They converge in time, and they converge in shape. Plot each paper's capability against how many times its computation is re-applied, and the curve is the same four times — a rise that steepens, then bends toward a plateau (see Figure 3).
The rest of this essay is a walk down that ladder of scales, from the finest grain to the coarsest, with one stop at each substrate. The published companion to this piece already mapped the finest grain in detail — recursion inside the forward pass, where reasoning happens in continuous latent state with no tokens emitted at all.
[← A11] Thinking Without Tokens — established the latent-compute substrate: iterating reasoning-critical layers (ETD), recurrent action heads (RD-VLA), and per-neuron temporal dynamics (the Continuous Thought Machine). That essay is the finest grain of recursion; this one bridges it to coarser substrates and does not re-derive it.
After parameters and data, the third scaling axis is recursion: hold a computation f fixed and apply it again to its own output, xt+1 = f(xt). The evidence is not one result but a convergence — in 2025–26, four independent communities reached for the same primitive at four scales (layers, latent state, inference, agents) within months. One of them named it outright: recursion as "a new scaling axis."
2 — Substrate I: Layers
Start at the smallest scale, inside a single model. A transformer is a stack of layers applied once, top to bottom. The looped-transformer idea is almost embarrassingly simple: tie a block of those layers together and run it more than once before decoding. The parameters do not grow; the depth does. You are spending compute, not memory, to think harder.
What changed in 2026 is that this stopped being a curiosity and became a program with four distinct moves. The first is a retrofit: you do not need to train a looped model at all.

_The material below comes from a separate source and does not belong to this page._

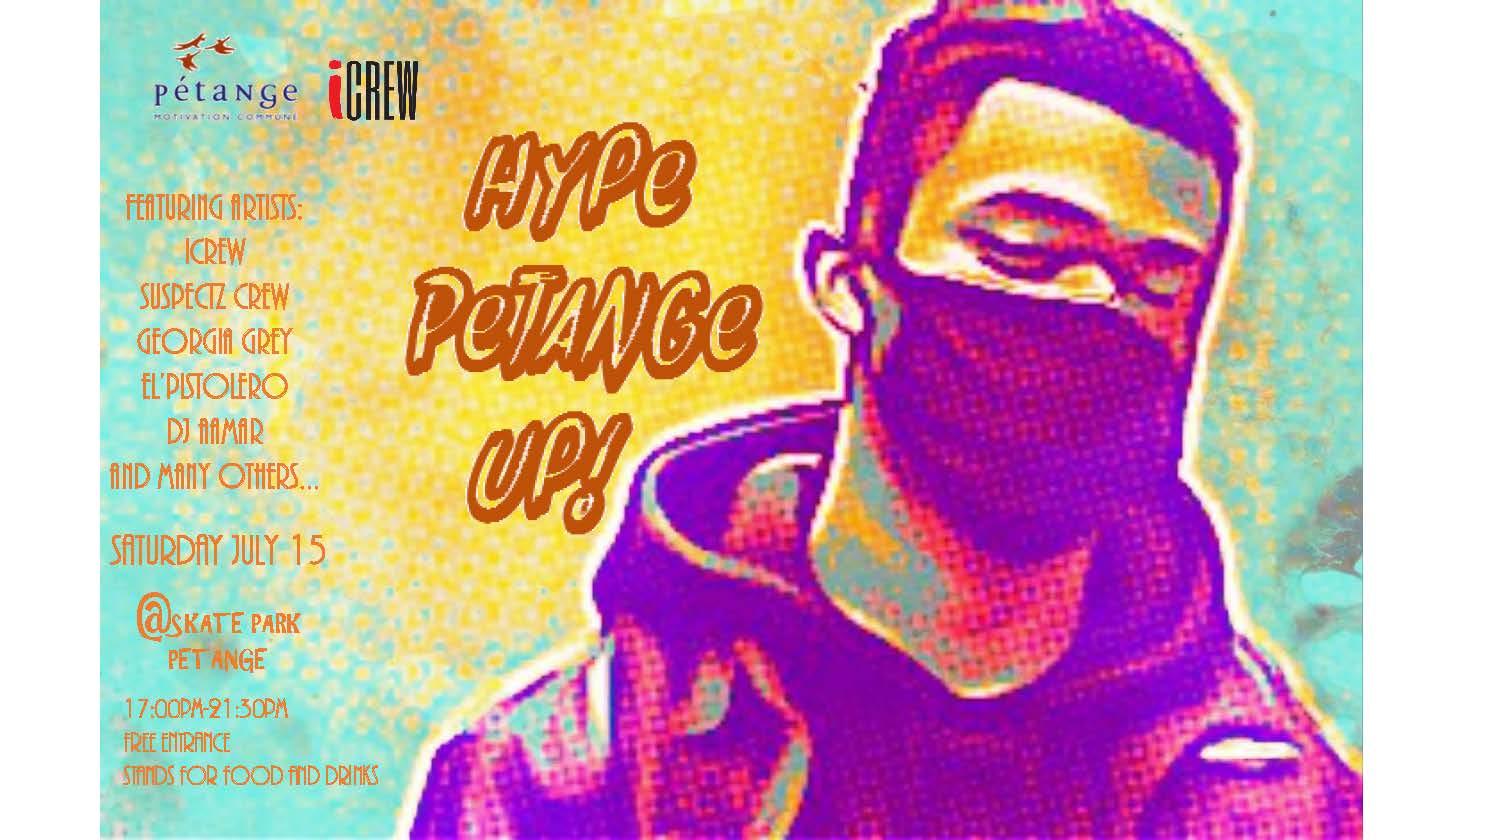 Hype Pétange Up!

A test-time wrapper can take a frozen, already-trained checkpoint, re-apply a contiguous mid-stack block, and improve it — naive re-application usually degrades the model, but if you treat each layer as a forward-Euler step on an underlying differential equation and the loop as smaller, damped sub-steps of that same step, the gains return. Across seven model families this training-free loop lifts Qwen3-4B-Instruct by +2.64 points on MMLU-Pro with no fine-tuning and no new parameters (Li et al., 2026). Recursion here is pure inference-time scaling: same weights, more passes.
The second move is making the loop cheap. Looping pairs badly with full attention, because every extra pass pays the quadratic cost again. LT2 replaces softmax attention with linear-time variants and finds that looping and linearity are not merely compatible but synergistic — iteration refines a linear-attention memory and progressively widens a sparse-attention receptive field. Their hybrid matches a standard looped transformer's quality at fully linear-time cost, and a converted 1.4B model becomes competitive with industry 4B models, a +2.1-point gain over the standard looped form (Deng et al., 2026). The third move is showing the principle is not tied to autoregression at all: looping the early-middle layers of a masked diffusion language model buys a depth-scaling effect at fixed parameters, matching a same-size baseline with 3.3× fewer training FLOPs and adding up to +8.5 points on GSM8K, with the number of loops left as an inference-time compute dial (Lee et al., 2026).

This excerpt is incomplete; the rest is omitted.